Montse vestía una blusa blanca (pues el jersey azul yo se lo había quitado antes)bastante gruesa), una falda negra bastante ajustada y que le llegaba a mitad de sus muslos (tremendamente sexy), unos leotardos de un color gris oscuro y unos zapatos negros de tacón grueso.

Me acerqué a ella y le dije: – ¡Te voy a follar, guarra!…¡Ah! Y pobre de ti que digas algo…porque se podría girar en tu contra…ya sabes…-. Ella gritó lo que parecía un “no” bajo la mordaza. Le di un bofetón y la calmé. Acto seguido, rasgué su camisa y todos sus botones salieron disparados. Su sujetador, de color rojo, quedó al descubierto. No me lo pensé, se lo arranqué y sus dos grandes tetas quedaron al descubierto rebotando arriba y abajo dominadas por un par de pequeños pezones rosados. Entonces, comencé a sobarle las tetas con mi boca y manos; jugaba con ellas sin parar. Mientras, ella sollozaba y trataba de decirme algo; no le hice caso.

– ¿Sabes que tengo unas ganas locas de verte, otra vez, los pelos de tu coño?-, ella gritó “no” por debajo de su mordaza mientras le caían las lágrimas por las mejillas. Rompí el enganche de la falda y, lentamente, bajé su cremallera. De un golpe seco, se la quité.

Ante mí, quedó su panty de color oscuro. Sin más dilación, agarré panti y bragas al mismo tiempo y tiré hacia abajo, dejando, así, el coño de Montse a mi servicio. Éste era precioso, estaba muy bien afeitado y los pelos que coronaban su Monte de Venus eran muy suaves y de un color no tan oscuro como yo esperaba. Ella trataba de desatarse, pero la penía muy bien sujeta. Sin más, introduje mi lengua en su coño que, para mi sorpresa estaba algo húmedo.

-¿Te estás poniendo cachonda? Pues, aún te espera lo mejor.

Volví a la faena, le movía mi lengua por su coño arriba y abajo sin parar. Succionaba y me tragaba todos sus flujos (eran sabrosos, ummm!). Me desnudé por completo y, con mi polla tiesa, me coloqué frente a ella.

-Te voy a quitar la mordaza y me vas a chupar el rabo, zorra. Como no te portes como es debido te vas a enterar…- Ella no paraba de lloriquear y, ante mi frase, asintió con su cabeza. Me coloque de rodillas sobre ella de forma que la parte interior de mis muslos tocaban sus tetas. Entonces, introduje mi picha dura en su boca y ella comenzó a succionar. ¡Joder, cómo lo hacía! No pude aguantar más y, con lo excitado que estaba, me corrí en su boca y la obligué a tragárselo.

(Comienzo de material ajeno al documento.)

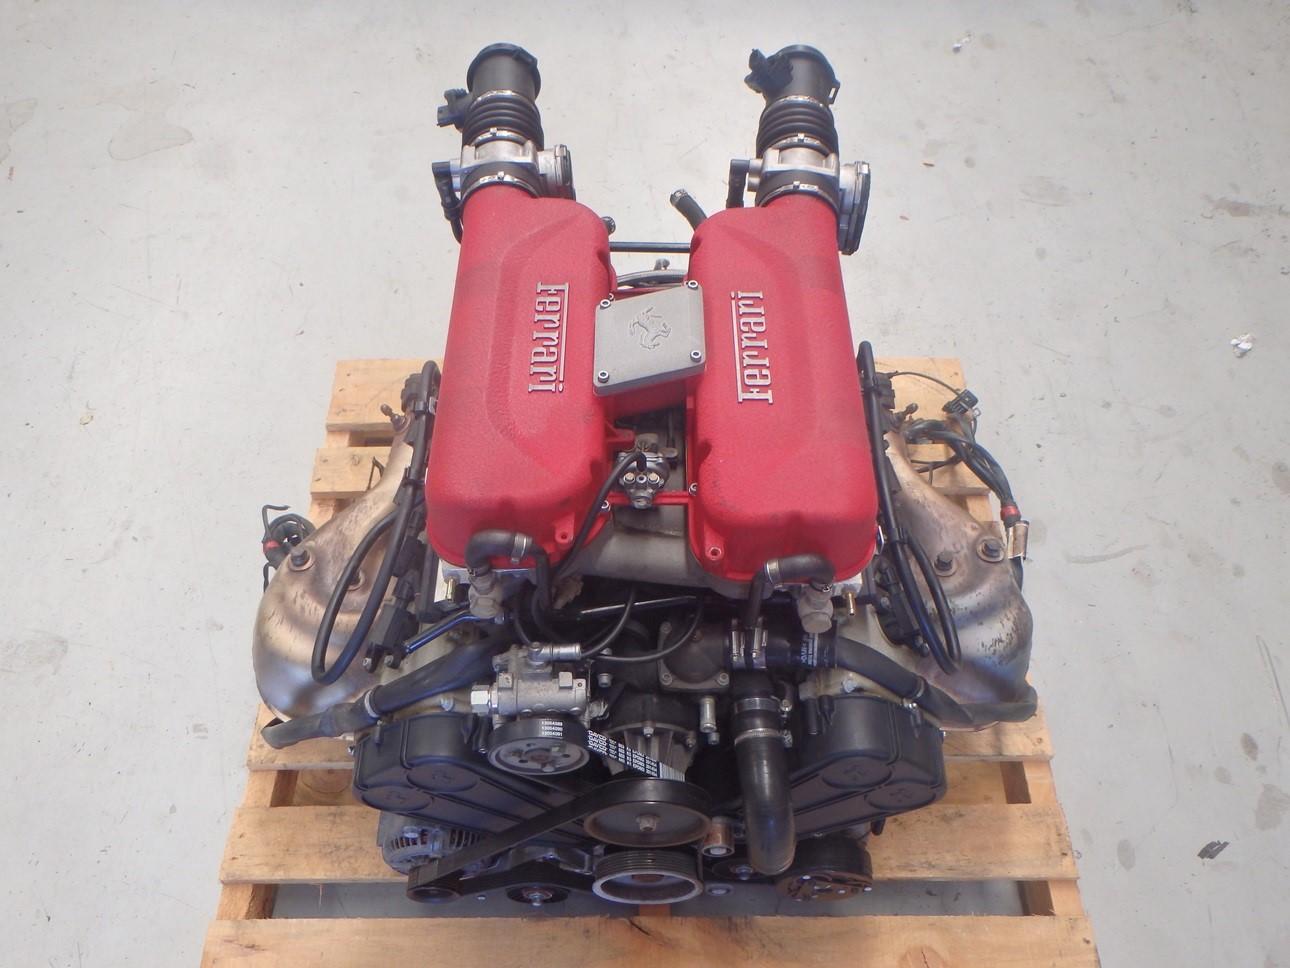 Details About Ferrari 360 Modena V8 F131 Complete Engine Motor All Accessories Loom Ecu J079

Para compensarla, me giré de tal forma que quedamos en posición de 69. Así, le empecé a chupar su bonito y mojadísimo coño. Mientras chupaba su clítoris, metía mi nariz en su agujerito; sacándola totalmente pringada.

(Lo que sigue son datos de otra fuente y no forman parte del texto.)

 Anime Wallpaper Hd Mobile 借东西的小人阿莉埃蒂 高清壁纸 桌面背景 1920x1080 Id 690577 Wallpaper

Qué sorpresa más agradable al nortar que su boca buscaba mi polla, que volvía a adquirir su tamaño eréctil. Así, comenzamos a hacer un 69.

De repente, introduje tres dedos en su coño y ella gimió como una loba. Al sacarlos, realmente mojados, le fui introduciendo uno de ellos por el sonrosado ojete que, ahora, también estaba mojado a causa de sus propios jugos y de mi saliba. Al principio gritó un leve “no” al cuál le dije: -¡Cállate y chúpamela guarra!-. Ella siguió mamando y yo seguí metiendo el dedo. Al principio costaba, pero le puse empeño y fui dilatando ese ojete precioso. Luego, metí dos y, después, tres. Era el momento de castigar a la profesora que me había cateado porque sí.

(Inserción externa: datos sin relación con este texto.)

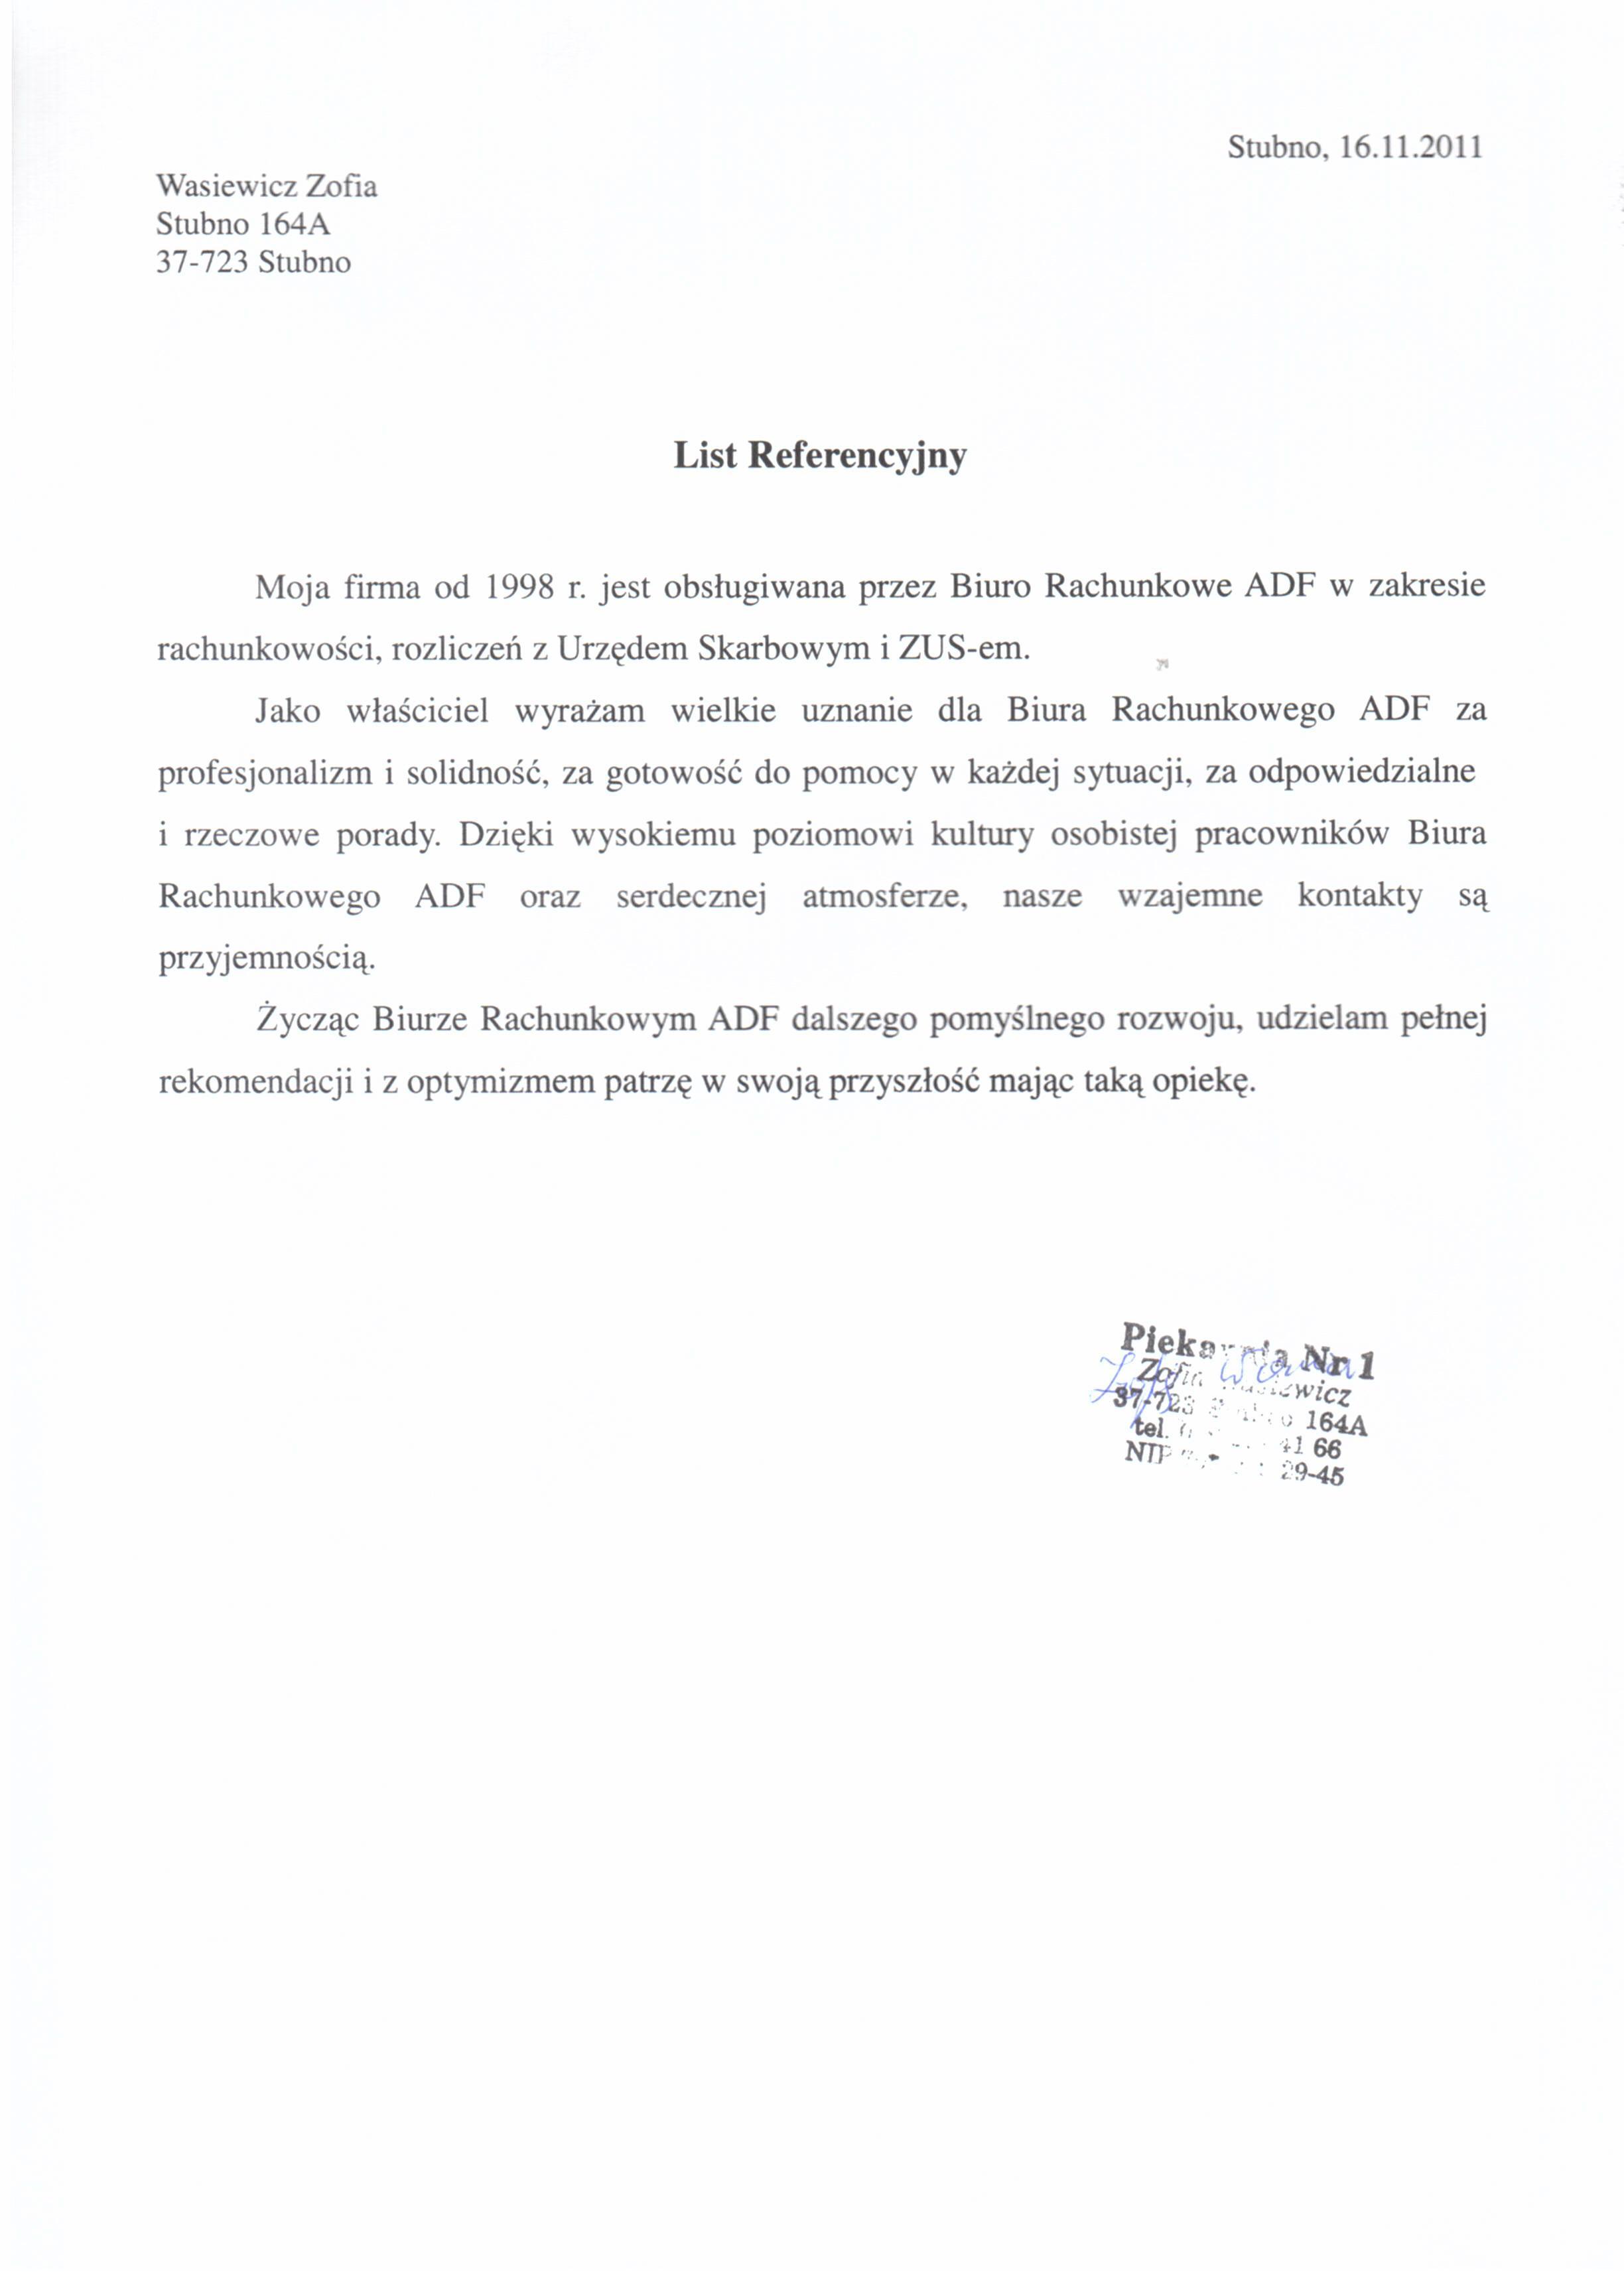 Biuro Rachunkowe ADF - referencje 5

Desaté una de sus piernas y se la até donde tenía la mano del mismo lado. Hice lo propio con la segunda. Así, quedo totalmente abierta para mí. Volví a pasarle un lenguetazo a su coño y ella comenzó a decir:

-¡Sí, fóllame, cabrón, hijo de puta! ¡Fóllame, vamos que tengo el coño listo, cabrón!

-¿coño? -dije yo cínicamente-. Te voy a follar el culo, puta. Te lo voy adejar como un bebedero de patos.

-¡NOOOOOO! ¿Por favor, no! ¡Por el culo no!

Era demasiado tarde, escupí sobre mi polla y la lubriqué con la intención de follar el culo de mi profesora; se lo merecía por furcia. Sus súplicas no iban a hacer que yo cambiara de idea.

Mi glande comenzó a penetrar su ojete, poco a poco, lo veía desaparecer en aquel minúsculo agujero. Mientras tanto, ella se mordía los labios para no gritar. Me cansé de ser tan cuidadoso y, pese a que sentí, por un breve instante, lástima por ella, se la clavé hasta el fondo sin más miramientos. A mí me dolió, pero a ella debió resultarle horrible, según el terrible grito que soltó (Por suerte no había nadie en el colegio. Colegio que, por otro lado, queda lejos de edificios de viviendas). Así, sabía que nadie la habría oído. Ella lloraba, pero comencé un mete y saca sin parar. Entonces, solté toda mi leche en su interior y, mientras, me recliné sobre ella y e chupé, otra vez, las tetas. Ella, gemía de dolor y de placer, simultáneamente.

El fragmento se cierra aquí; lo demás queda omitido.